Призываю настоятельно-не проникаться ненависти к кому-либо, не смотря на написанное в книге.
Ненависть – путь к поражению.
Также прошу не использовать содержимое книги в качестве аргумента о несостоятельности какой-либо нации, социального слоя или Вооруженных сил РФ. Это просто моя история. А выводы – уже твои.
Всё. Официоз прошёл.
Ещё один момент и я отстану от тебя. В книге содержится достаточно грубостей, жестокости, насилия. Увы, такова жизнь и такая эта история. Я сглаживал многие места, дабы текст был читабельнее и не вызывал тошноту у нормальных людей. Если ты из тех, кто не переваривает жестокость, то лучше не читай.
Ты всё ещё здесь? Я очень рад. Тогда давай, пройдем этот путь.
Книга 1. Часть
Часть 1. Душа
1. Стук сердца и берца
ПОУУМ! ПОУМММ!
Мои берцы глухо стучат по ступенькам. Я поднимаюсь на этаж. В свою Часть, где мне предстоит служить срочку. На душе приторно-мутное ощущение, какое бывает, когда вляпаешься в дерьмовую историю. Особо предпосылок моей тревоги нет. Не считая «знаков», которые попадались мне на протяжении всего пути от распределителя до этой лестничной площадки.
Встряхиваю головой.
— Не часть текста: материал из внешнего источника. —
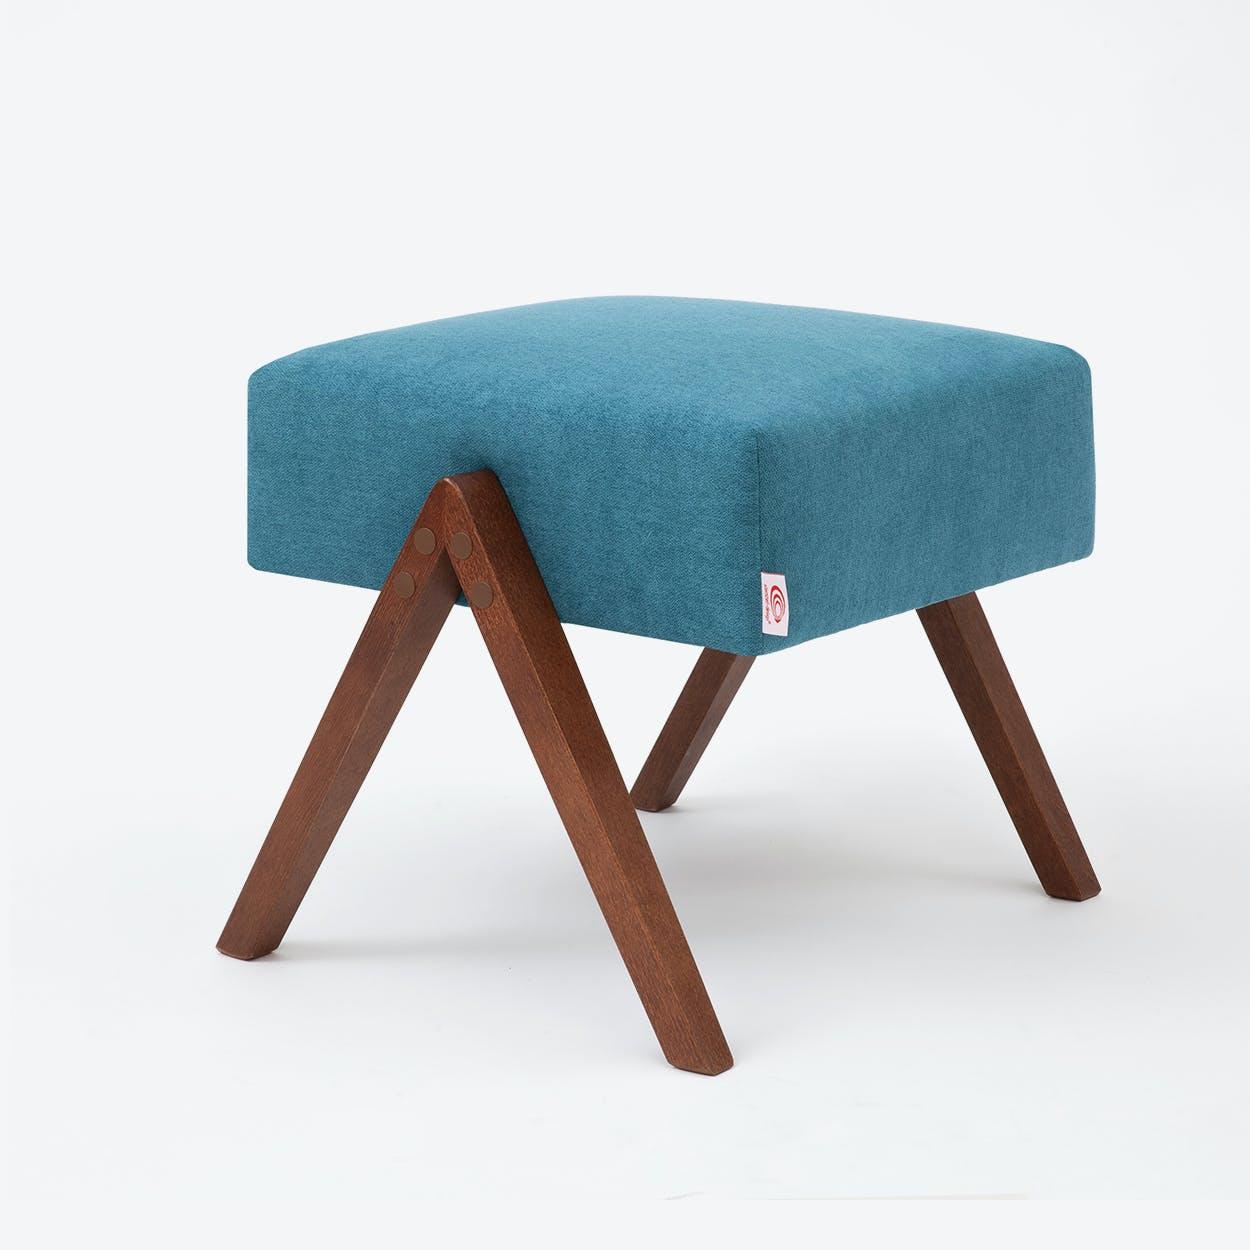 Retrostar Footstool - Basic-Line in Turquoise

Соберись, тряпка, какие знаки?!
Давай ещё радио начни слушать и внимать советы утреннего гороскопа.
*доносится звук радиостанции* «…Сегодня у скорпионов удачный день, но нужно быть аккуратным со своим здоровьем. Также есть шанс получить неприятное известие к концу дня…» -Улыбаюсь, хотя выходит криво и немного нервно.
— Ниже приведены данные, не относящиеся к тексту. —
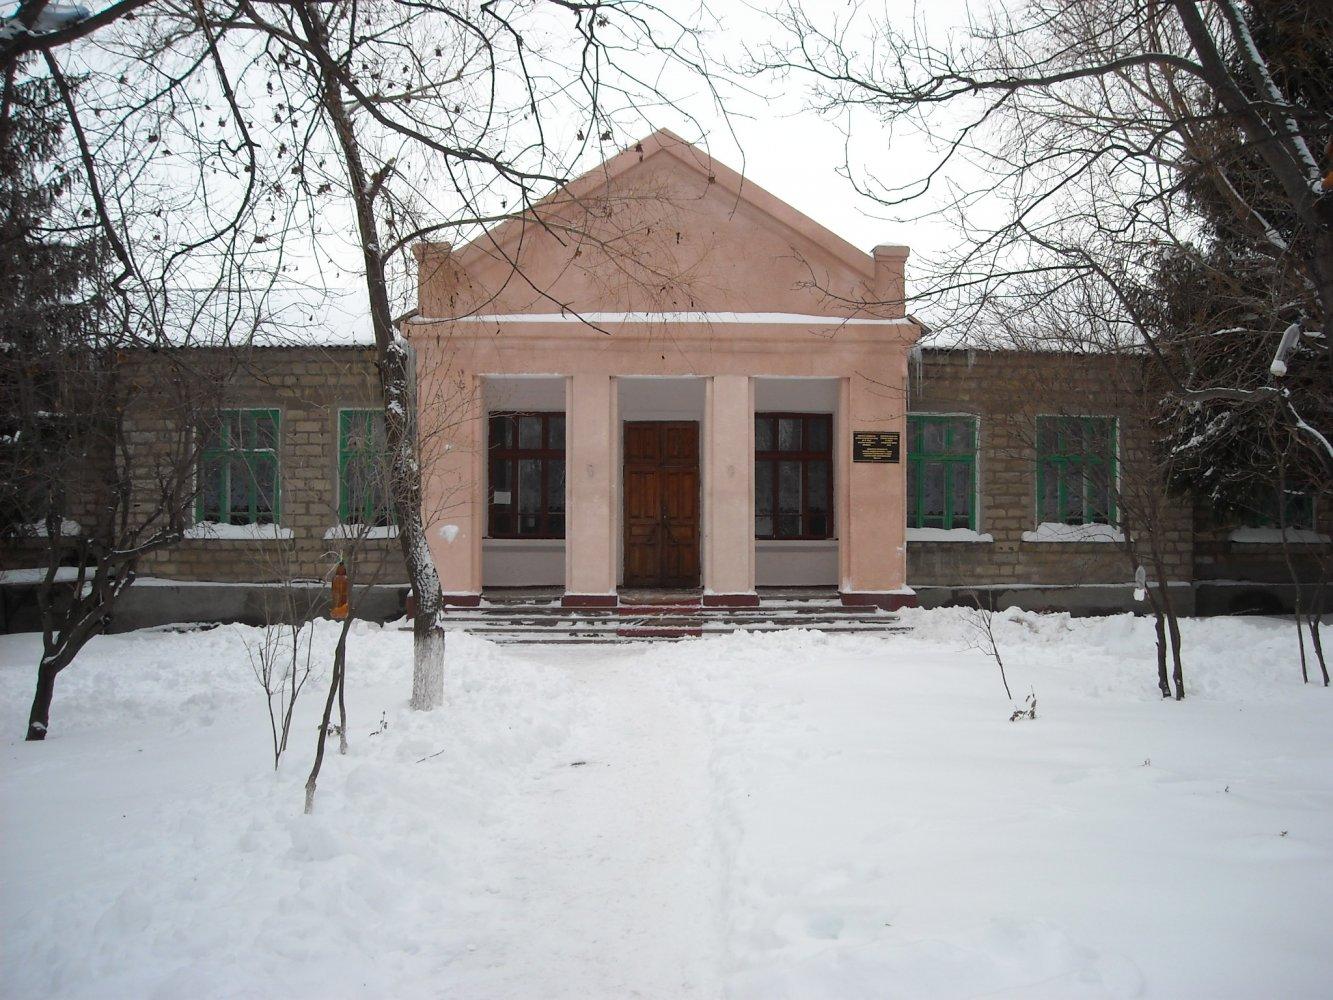 Фото DSCN0069.JPG. Молдова, Бендеры, улица Протягайловская

Смотрю на поднимающегося рядом типа – сопровождающего, что пришёл за мной в штаб, не заметил ли он моей лицевой агонии. Но нет, его пьяные глаза тупо смотрят куда-то в пространство, и я удивляюсь, как он умудряется не споткнуться.
Надеюсь, у меня на сегодня хороший гороскоп и на все дни последующей службы, иначе, астрологи-гнать вас вилами в степи надо.
–Чё, ссска, бляя… -мычит тип, по-прежнему не двигая зрачками и я начинаю сомневаться в его умственном добром здравии.
–М? – мычу на всякий случай, думая, что его голосовой спазм был адресован мне, но он не отвечает.
Мда, будем надеяться, что он один такой на весь мой будущий личный состав, с которым мне предстоит познакомиться в ближайшие минуты.
Хотя, судя по значку, он в наряде – дежурный по роте, а туда, как я слышал, обычно сажают самых ответственных. Если так, то получается, основная масса моих будущих сослуживцев соображают похуже его. Ещё один дурной знак.
Четвертый этаж. Поднимаемся ещё выше. Похоже, моя рота располагается на самом верхнем, пятом этаже.
–Куришь? – выдаёт первое осмысленное предложение тип.
–Нет. – говорю я с гордостью, уверенный, что в армии такое оценят.
–Хуёво тебе будет.
Поднимаюсь, переваривая услышанное.
–Чё такой дрищ, ебать?
–Всегда таким был. – жму плечами.
–Тебе такому точно пиздец будет. Тощий, не курящий, ебало в прыщах. Лучше тебе развернуться и съебаться прямо от сюда в ебаную зелёнку.
Надо же, он способен на длинные диалоги. Я смущаюсь, хотя не особо сильно: пугать новичков любят везде, не только в армии. Вот, пятый этаж.
Впереди полу-ржавая железная дверь с большим круглым глазком, напоминающим чем-то вход в квартиру главного бандоса из «Бриллиантовой руки».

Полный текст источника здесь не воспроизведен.